The uppermost 27 m of the Shattuck Member of the Queen Formation (Middle Guadalupian) and the lower 156 m of the overlying Seven Rivers Formation (Late Guadalupian) represent portions of two depositional sequences (Fig. 1). A subaerial sabkha surface near the top of the Shattuck Member is interpreted to be a sequence boundary and separates the two sequences. This disconformity is widespread over the Permian Basin, correlates with a toplap surface at the Goat Seep platform margin, and suggests a major sea-level drop at the end of Goat Seep deposition. Deposition of the basin-restricted Manzanita Member of the Cherry Canyon Formation is interpreted to have occurred during this lowstand in sea level. The immediately overlying 7 to 11 m of the topmost Shattuck contains fossilized and dolomitized Permian soil caliche (dolocalcrete). The dolocalcrete occurs in a repeated series of soil profiles overlain by evaporite solution residues. These dolocalcrete cycles are interpreted to have been deposited during a time of slowly rising sea level toward the end of the Manzanita lowstand and just prior to deposition of the Capitan Reef Complex (Sarg, 1985).

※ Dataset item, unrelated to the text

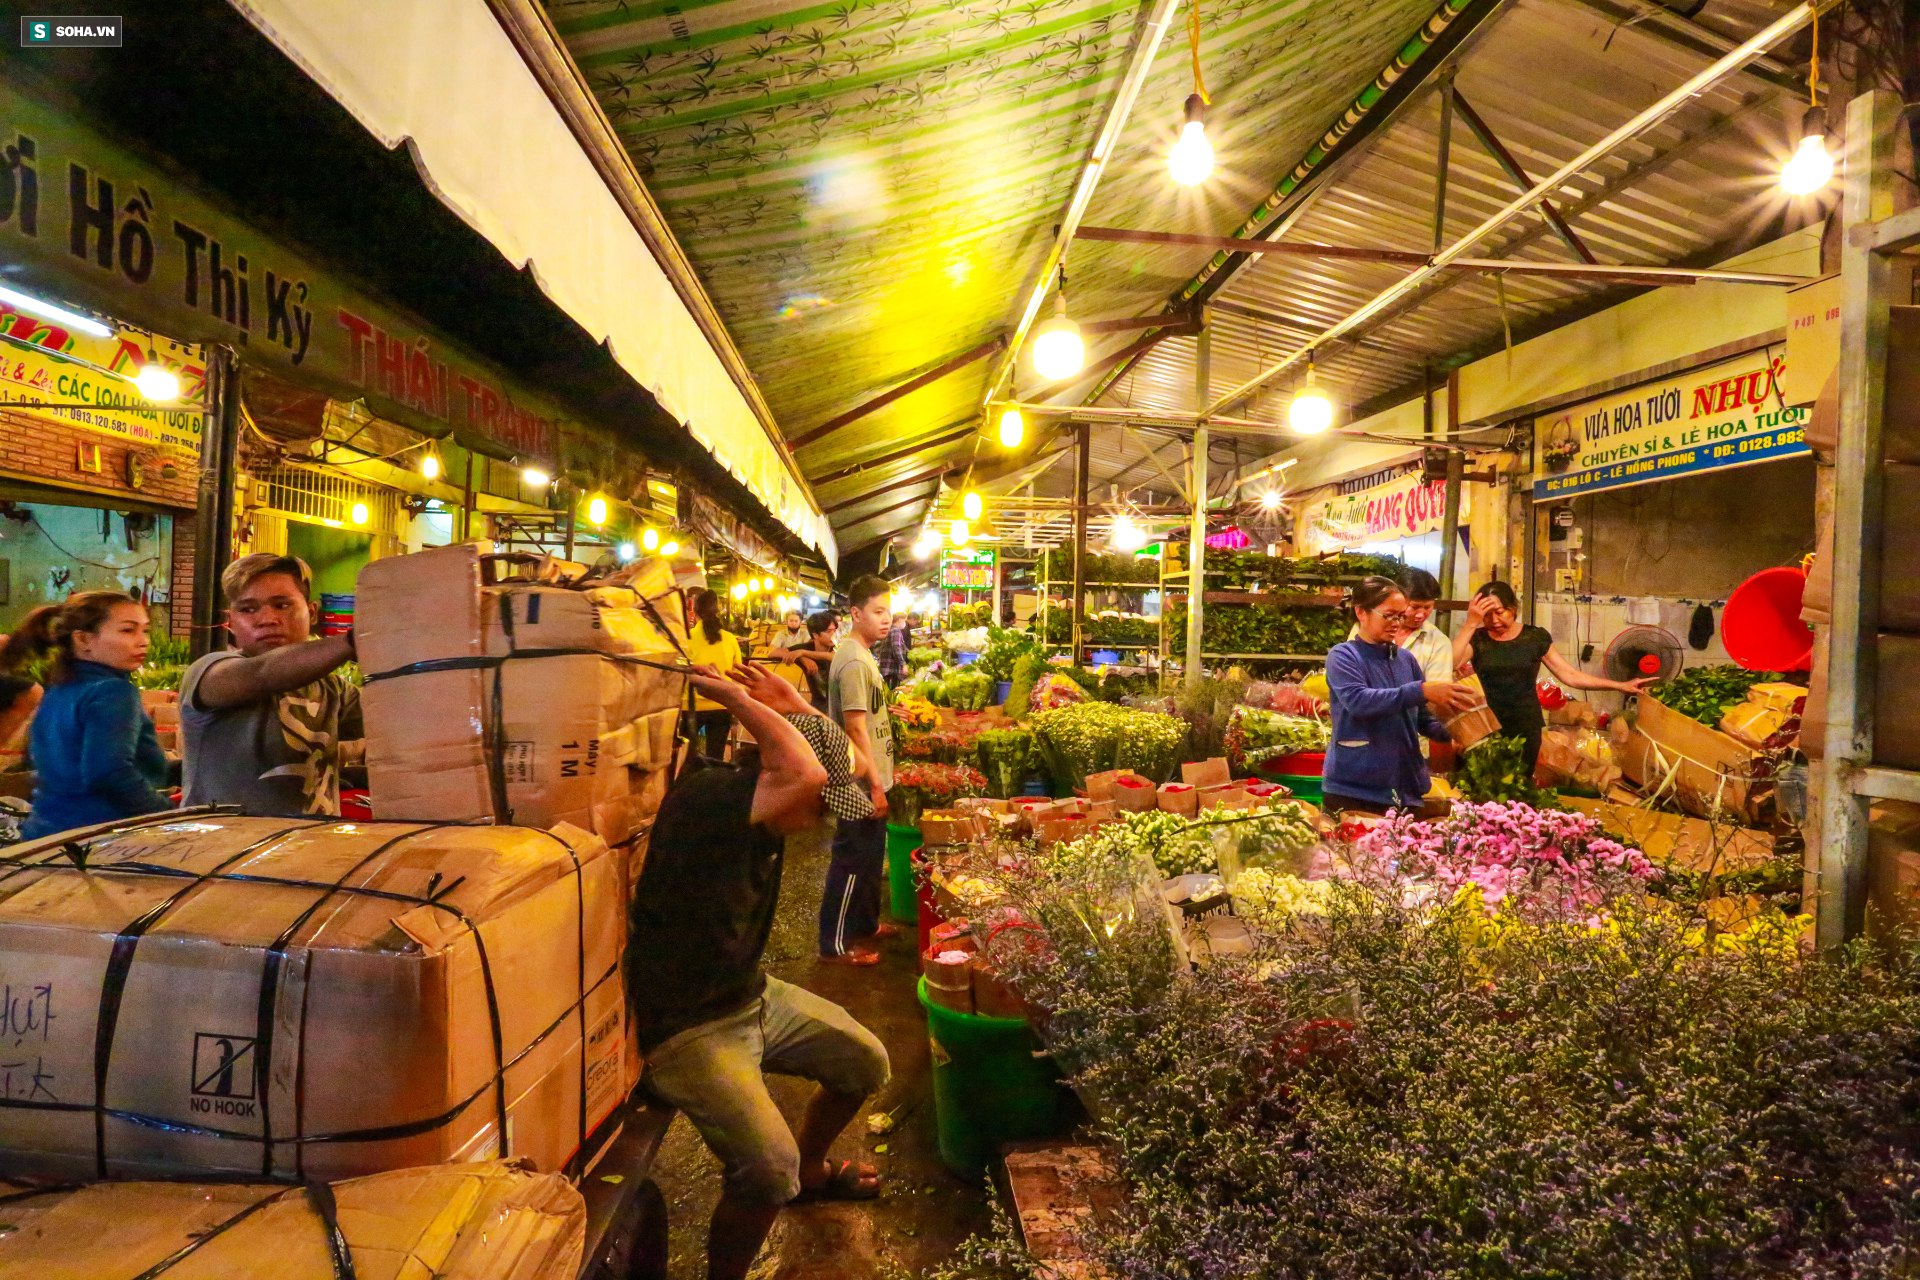 Chợ hoa 30 năm không ngủ ở Sài Gòn nhộn nhịp lúc 2 giờ sáng đón ngày 8/3 - Ảnh 12.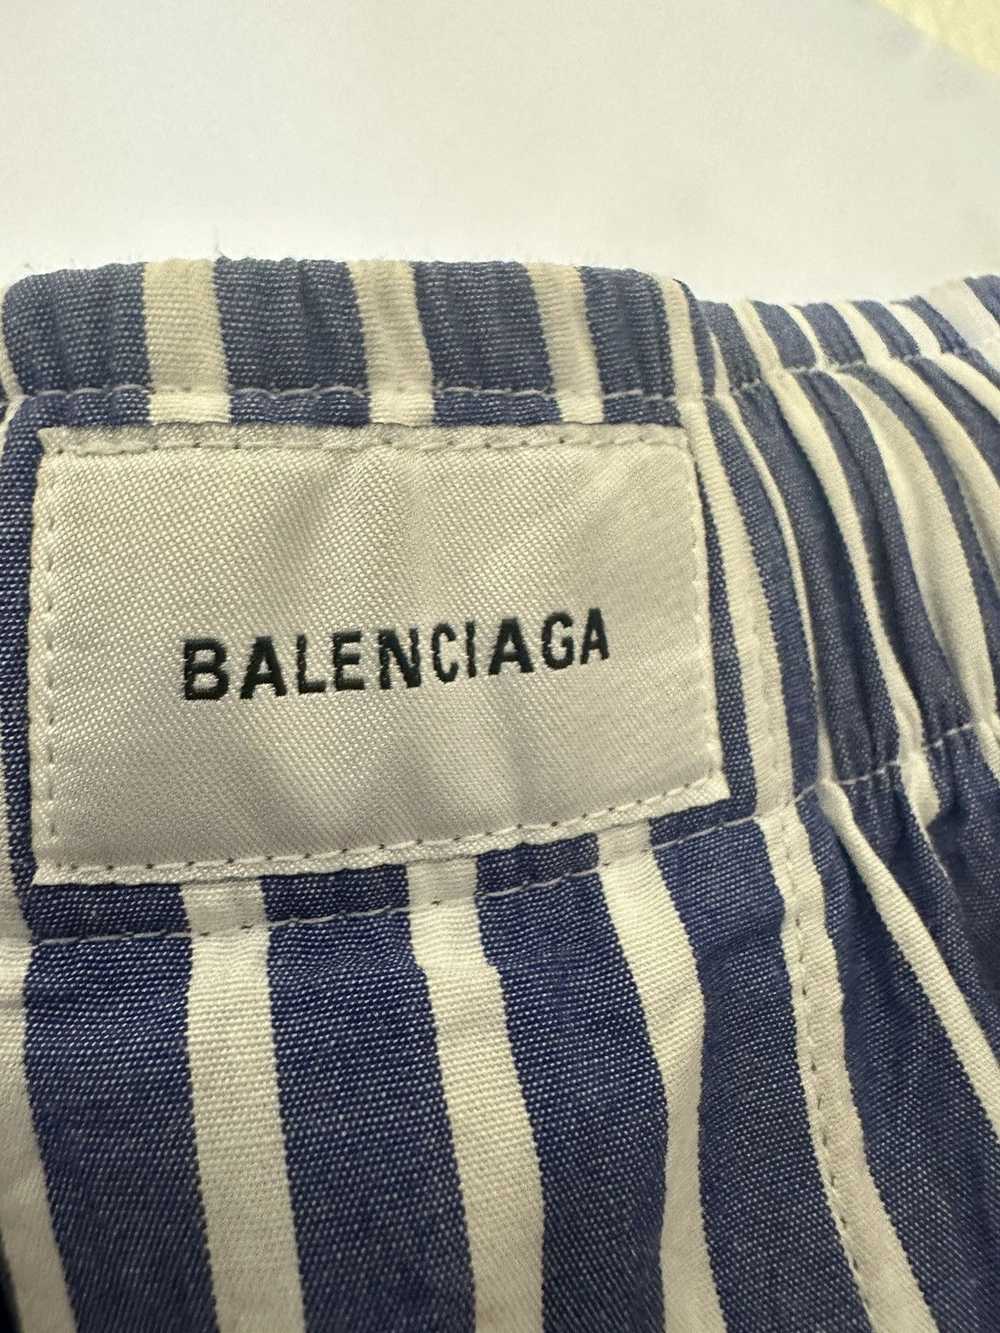 Balenciaga Balenciaga boxer/ pajama shorts - image 4

The dolocalcretes consist of nodular, massive, and mottled textures containing clotted and fractured micrite, microspar, equant spar-filled solution channels, coated fractures, and pisolites similar to modern caliche fabrics. Profiles are thin (approximately 0.5 m) and incomplete, and record short-lived soil-forming conditions with little external addition of CaCO3. The upper surfaces of the dolocalcretes are hard and undulatory, and erosional in part. The overlying evaporite solution residues are composed of interbedded green/red clayey siltstone and thin, discontinuous zones of red calcitic dolomite. The dolomite consists of small angular clasts of microcrystalline dolomite in a coarsely crystalline calcite matrix. Overlying dolomite beds are commonly brecciated (Sarg, 1977, 1985).